# Listed records

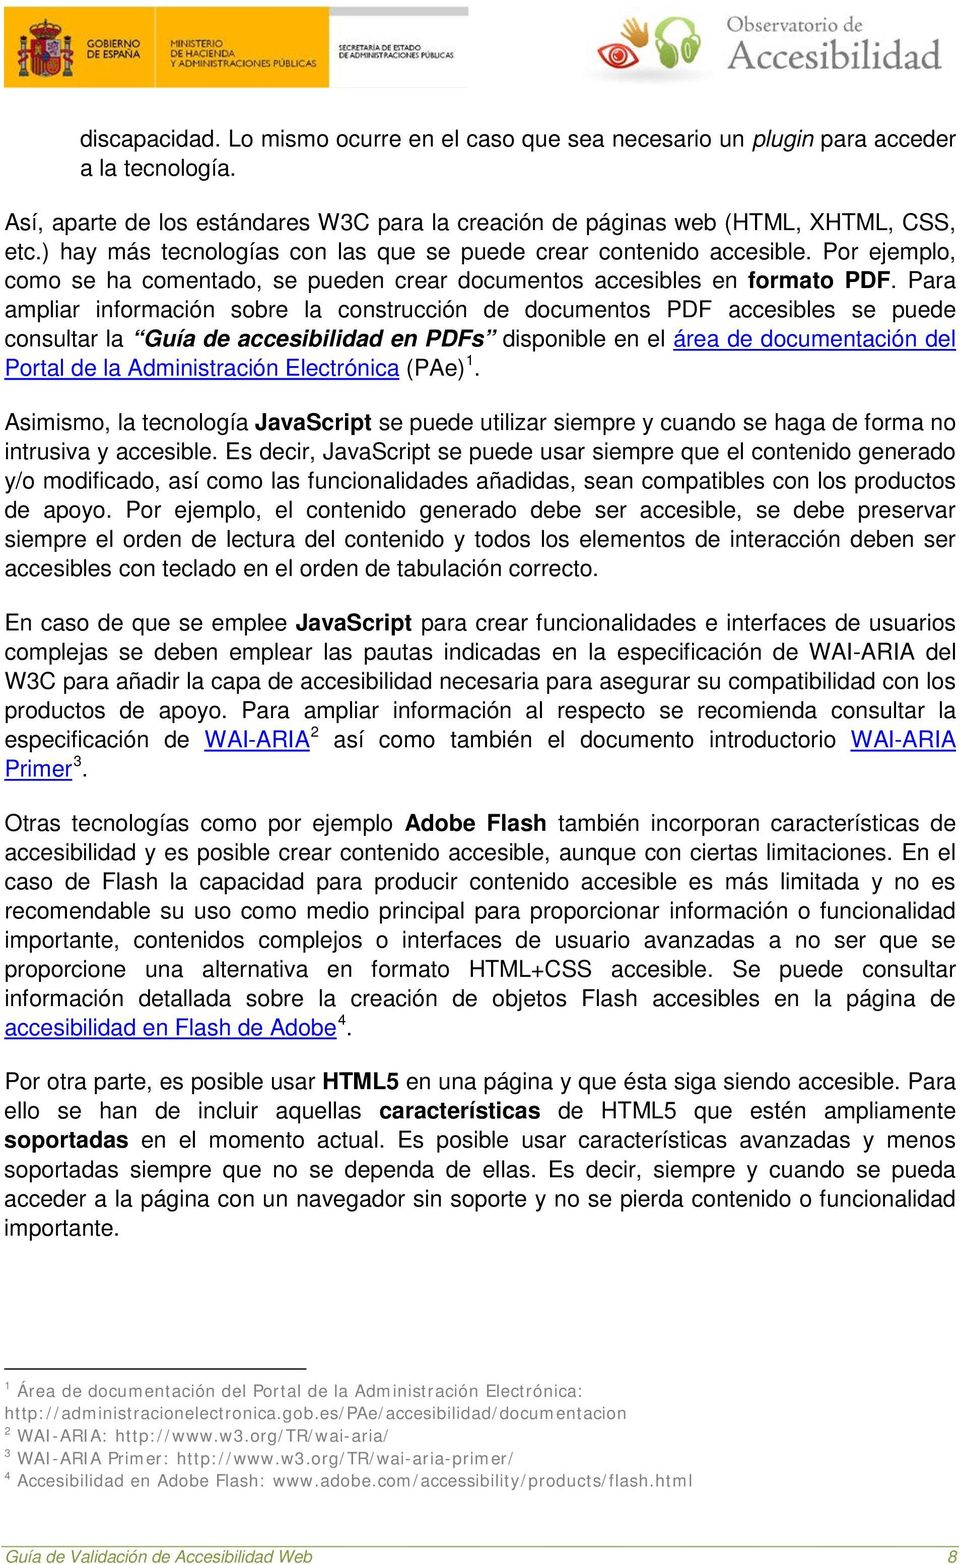 Para ampliar información sobre la construcción de documentos PDF accesibles se puede consultar la Guía de accesibilidad en PDFs disponible en el área de documentación del Portal de la Administración
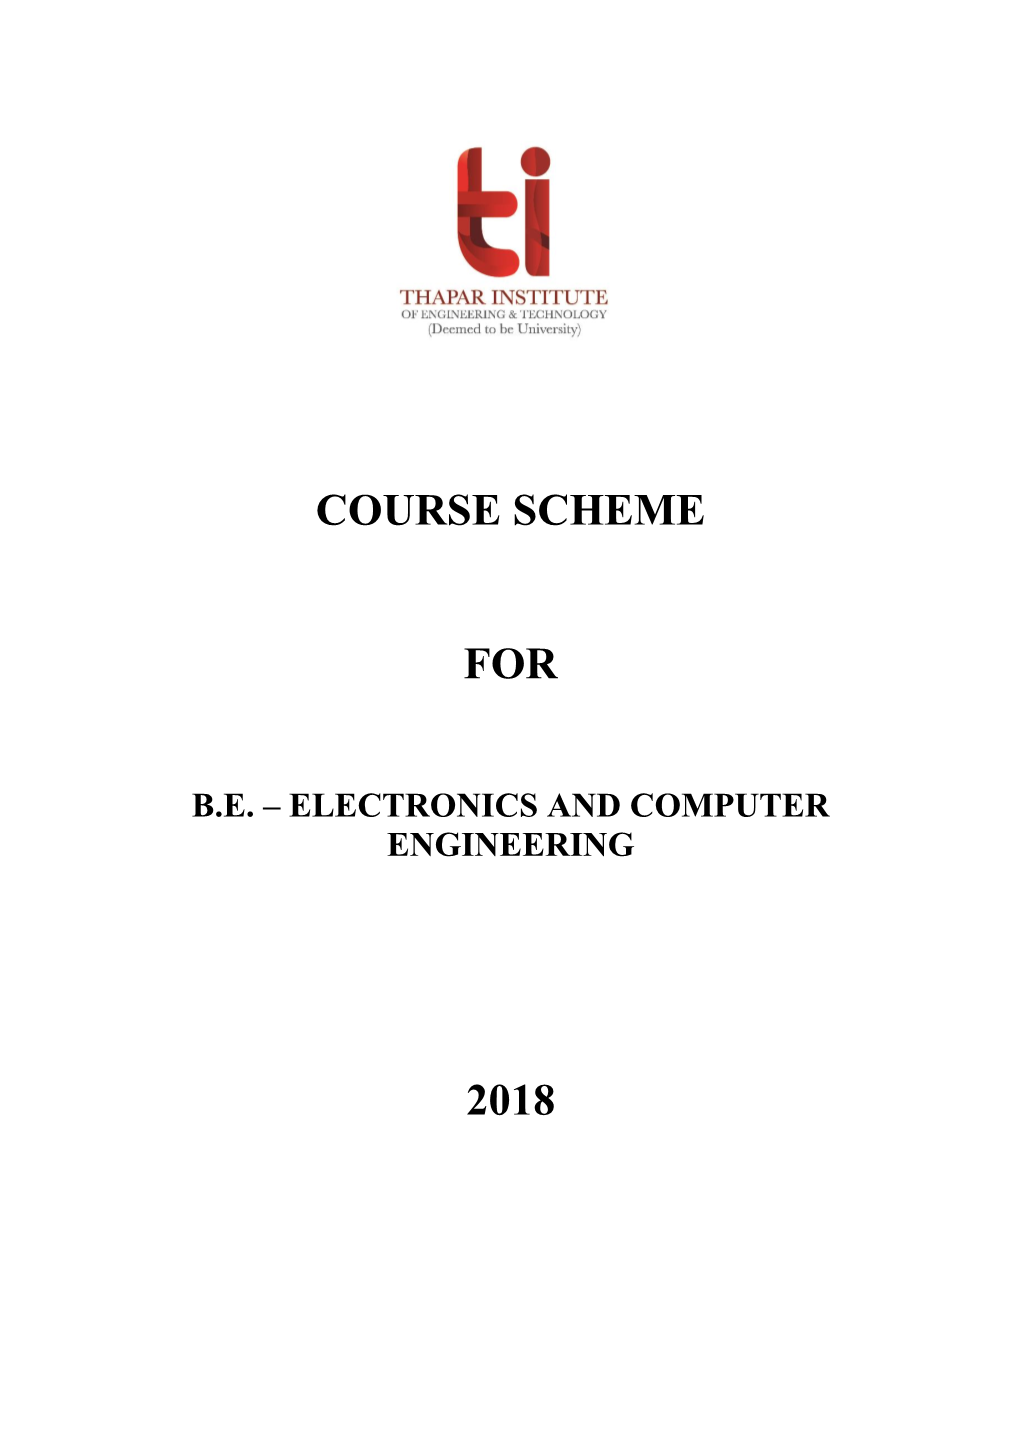 Course Scheme for 2018
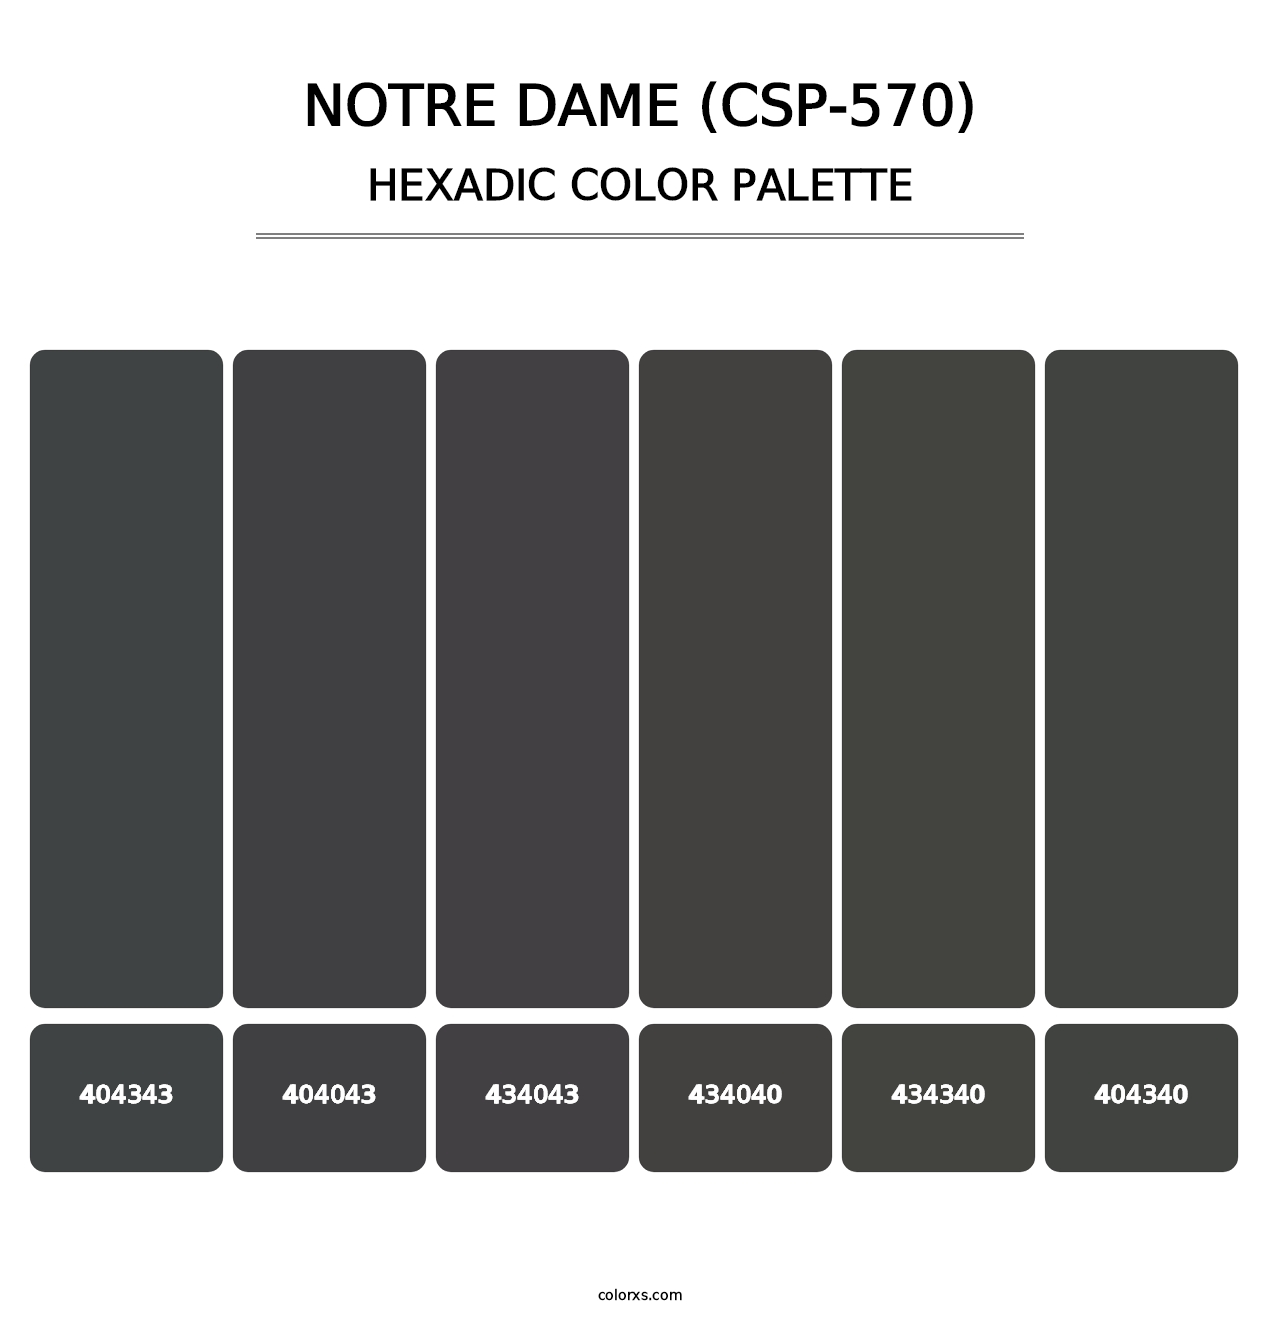 Notre Dame (CSP-570) - Hexadic Color Palette
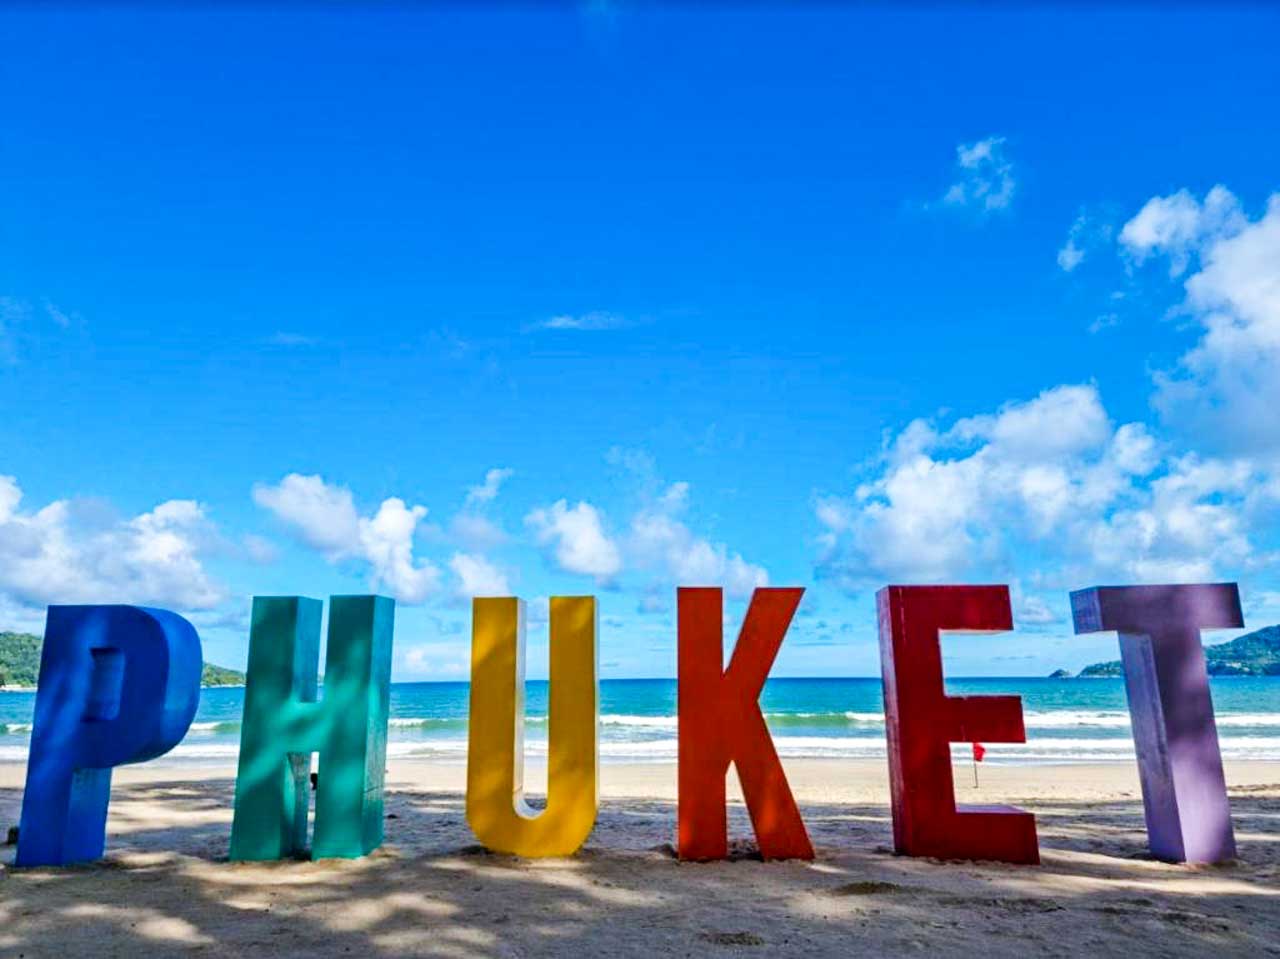 Placa de Phuket em Patong beach, Tailândia com dicas de onde ficar em Phuket 
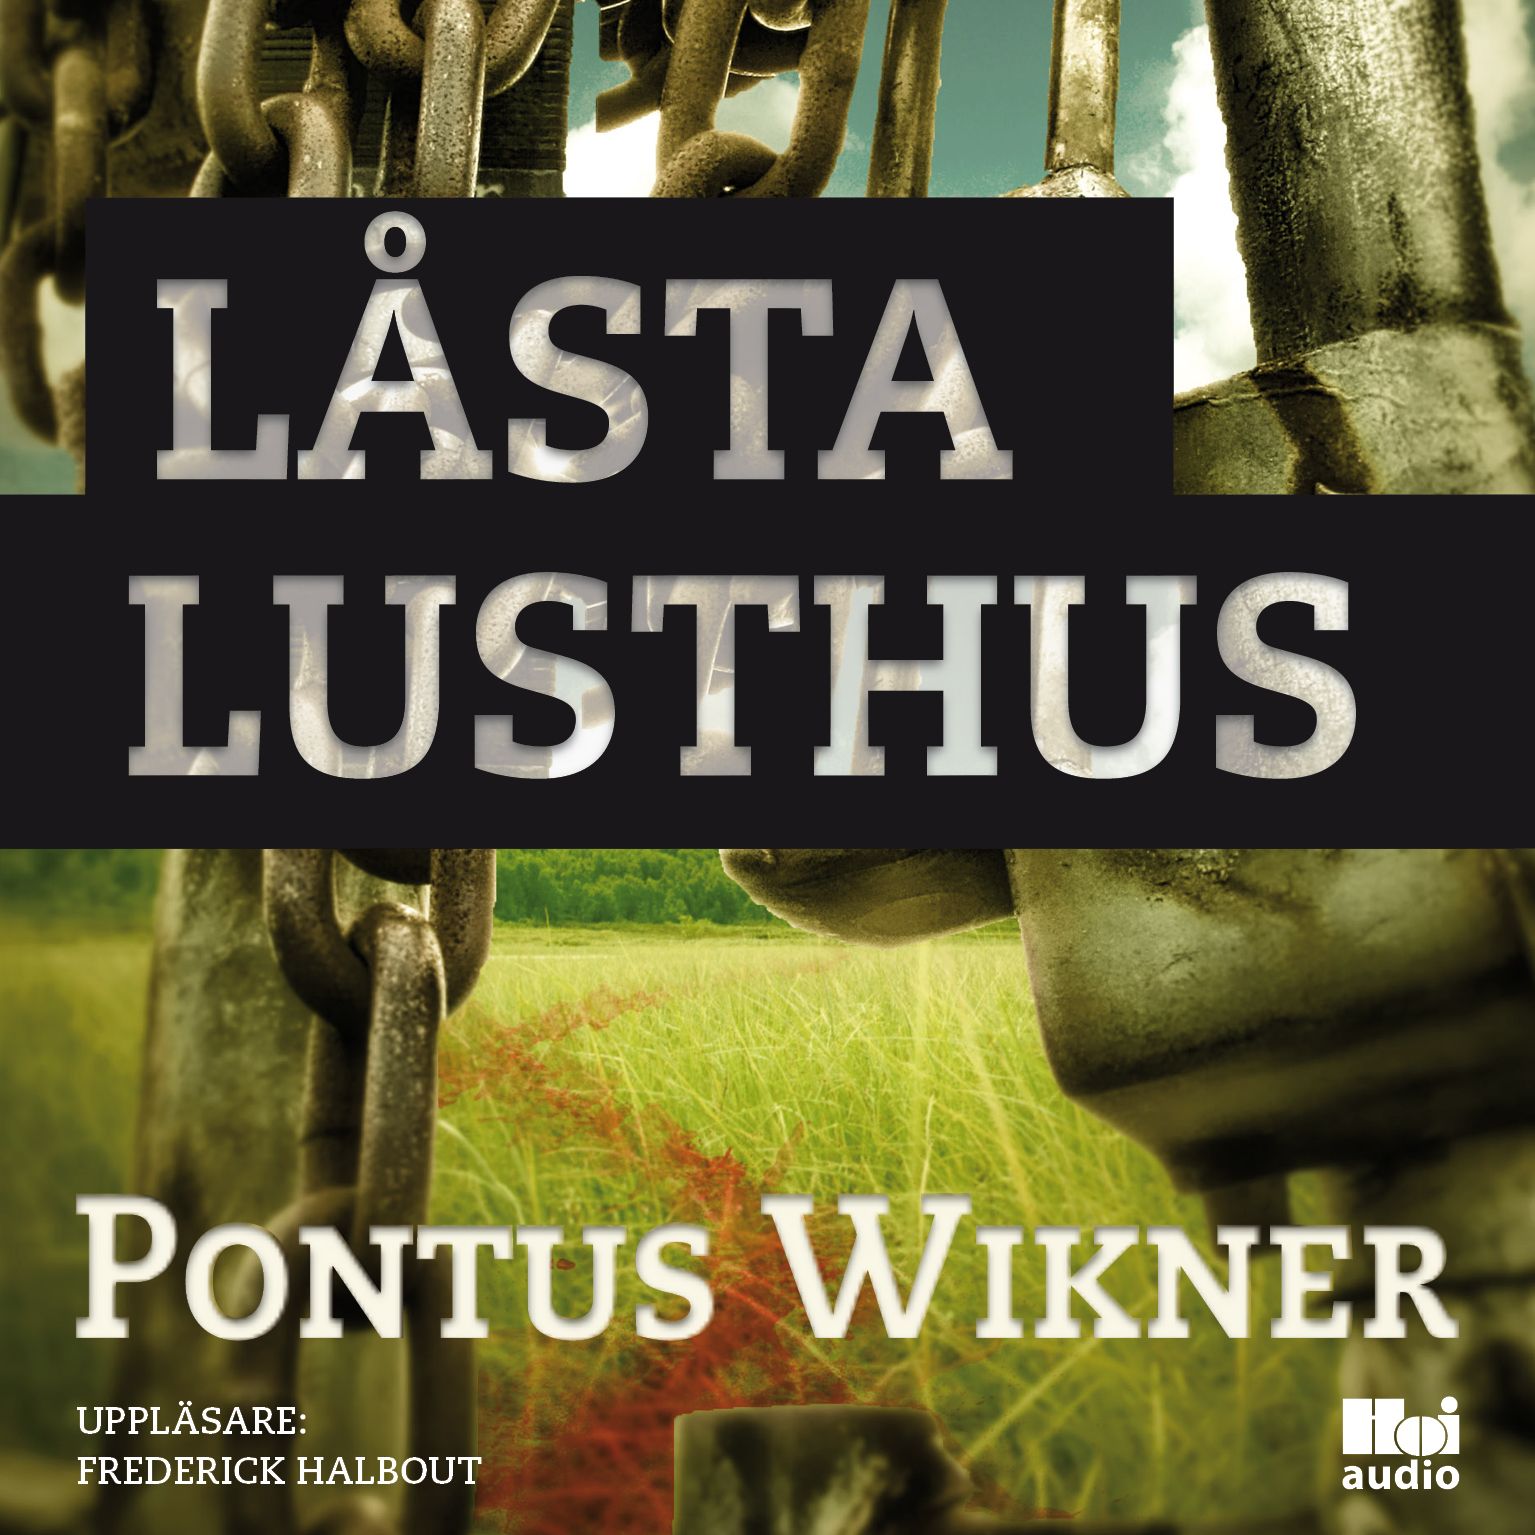 Låsta lusthus, ljudbok av Pontus Wikner

# Instructions to follow
Starting with the line that has "Placa de Phuket" and ending with the last line of the records, retype every line exactly and only those lines. Do not include the pictures.

# Exercise answer
 Placa de Phuket em Patong beach, Tailândia com dicas de onde ficar em Phuket 
 Låsta lusthus, ljudbok av Pontus Wikner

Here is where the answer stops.